Jugement contradictoire et en premier ressort
*****
EXPOSE DES FAITS ET DE LA PROCÉDURE
[M] [O], né le 27 mai 1991, a été embauché à temps complet en qualité de régisseur lumière à compter du 2 septembre 2019 par l’Etablissement Public de Coopération culturelle Maison de la Culture d’Amiens (la Maison de la culture d’Amiens).
Décision du 07/07/2025 RG 23/00199
Placé en arrêt de travail à compter du 31 août 2021, le salarié a en définitive été licencié le 22 juillet 2022 pour inaptitude médicalement constatée.
[M] [O] a demandé le 3 septembre 2022 à la caisse primaire d’assurance maladie (CPAM) de la Somme la reconnaissance du caractère professionnel d’une hernie discale L5-S1 en conflit avec la racine droite - lombosciatique droite, sur le fondement d’un certificat médical initial en date du même jour faisant état d’une “lombosciatique aigue droite en portant des charges répétées lors de son travail” et fixant la date de première constatation de la maladie au 31 août 2021.
La demande a été instruite dans le cadre du tableau 98 des maladies professionnelles.
Dans ce cadre, la caisse a adressé le 22 septembre 2022 à la Maison de la culture d’Amiens la déclaration de maladie professionnelle et le certificat médical initial et l’a invitée, tout comme l’assuré social, à remplir un questionnaire relatif aux fonctions exercées et aux conditions de travail.
Assuré social et employeur ont chacun retourné leur questionnaire à la caisse. Parallèlement, le médecin-conseil a émis le 26 septembre 2022 un avis favorable à la prise en charge de la maladie professionnelle déclarée, en constatant une sciatique par hernie discale L5-S1.
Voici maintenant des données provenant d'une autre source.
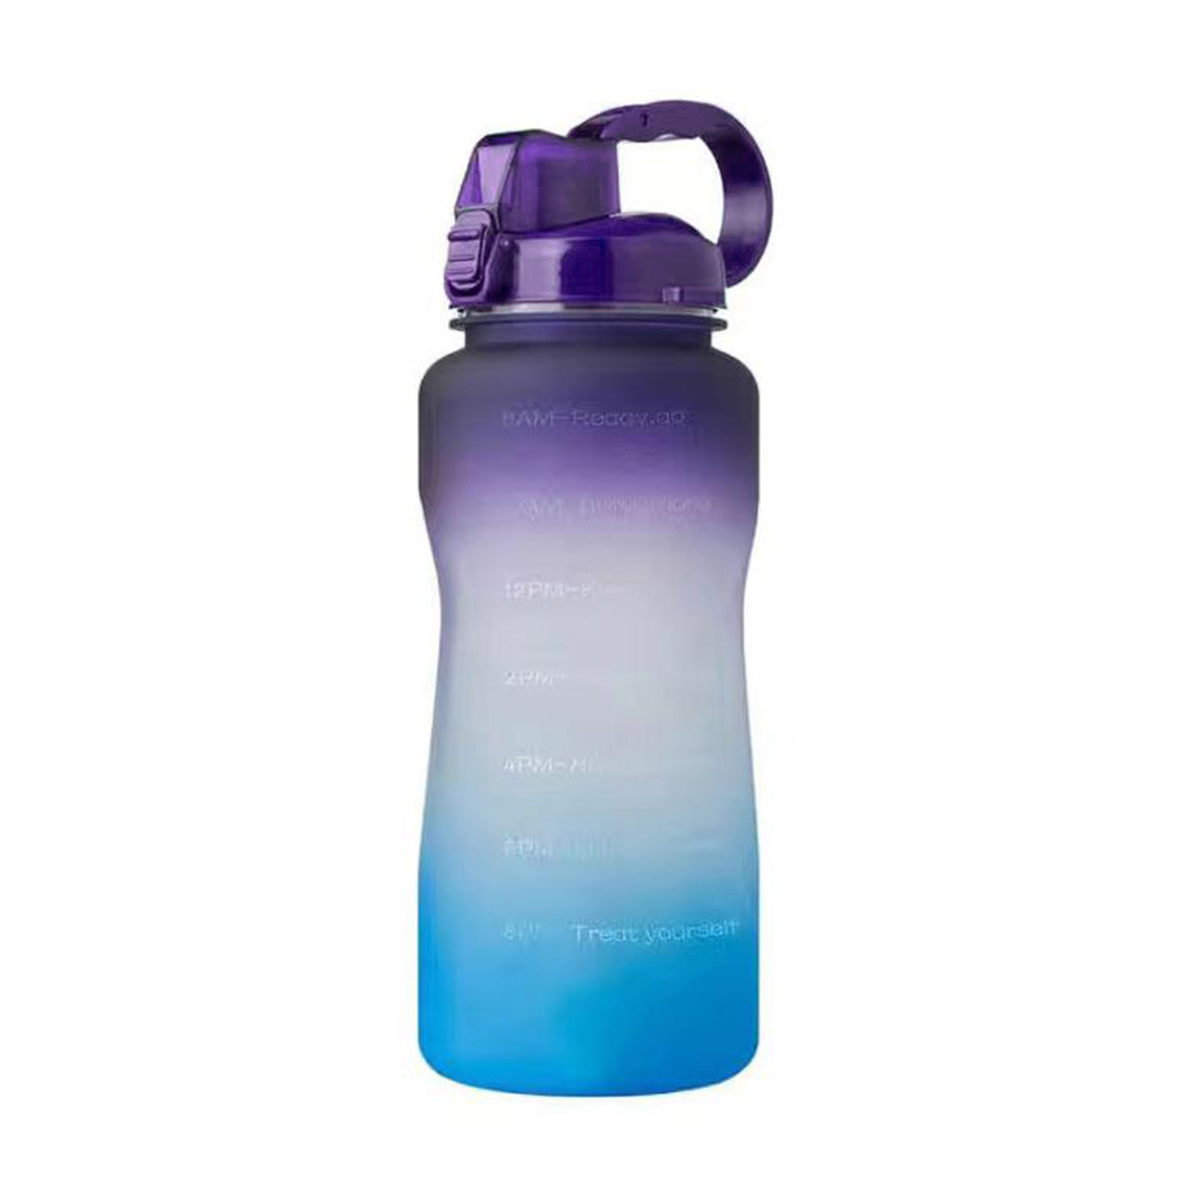  THE GYM KEG Botella de agua de 1 galón (128 onzas)  Botella de  gimnasio con tapa con popote, correa de transporte, marcas de tiempo  motivacionales, botellas de agua deportivas con

Le 3 janvier 2023, la caisse a informé la Maison de la culture d’Amiens de la prise en charge de la maladie au titre de la législation sur les risques professionnels.
Saisie le 21 février 2023 du recours formé par l’employeur, la commission de recours amiable de la CPAM de la Somme n’a pas fait connaître sa décision dans le délai imparti, générant ainsi une décision implicite de rejet.
Procédure :
Suivant requête de son conseil en date du 6 juin 2023, reçue et enregistrée le 9 juin 2023, la Maison de la culture d’Amiens a saisi le pôle social du tribunal judiciaire d’une contestation de l’origine professionnelle de la maladie déclarée par [M] [O].
Par jugement du 30 septembre 2024, le tribunal a pour l’essentiel :
- dit n’y avoir lieu de statuer sur la demande d’annulation de la décision implicite de rejet de la commission de recours amiable ;
- dit que la condition d’exposition professionnelle prévue par le tableau 98 des maladies professionnelles n’est pas remplie ;
- dit en conséquence que la présomption légale d’origine professionnelle de la maladie ne trouve pas à s’appliquer en l’espèce ;
- invité la CPAM de la Somme à transmettre le dossier au comité régional de reconnaissance des maladies professionnelles de la région Hauts-de-France en vue de recueillir son avis quant à l’existence d’un lien direct entre la maladie déclarée par [M] [O] et son exposition professionnelle ;
- et dit que cette exposition professionnelle ne se limite pas aux gestes effectués par l’assuré social dans le cadre de son contrat de travail conclu avec la Maison de la culture d’Amiens, mais couvre également ses emplois antérieurs.
Aux termes de l’avis rendu le 6 mars 2025, le comité n’a pas retenu de lien direct entre la maladie déclarée et le travail habituel de l’assuré social.
L’affaire a de nouveau été évoquée à l’audience du 26 mai 2025, à l’issue de laquelle le président a indiqué qu’elle était mise en délibéré et que la décision serait rendue le 7 juillet 2025 par mise à disposition publique au greffe de la juridiction, en application des dispositions des articles 450 alinéa 2 et 451 alinéa 2 du code de procédure civile.
PRÉTENTIONS ET MOYENS DES PARTIES
La Maison de la culture d’Amiens, représentée par son conseil, se rapporte à ses conclusions récapitulatives n°2 transmises par voie dématérialisée le 3 avril 2025, aux termes desquelles elle demande au tribunal de lui déclarer inopposable la décision de la caisse portant reconnaissance de l’origine professionnelle de la maladie déclarée par [M] [O], et de lui allouer une indemnité de procédure de 2 000 euros en application des dispositions de l’article 700 du code de procédure civile.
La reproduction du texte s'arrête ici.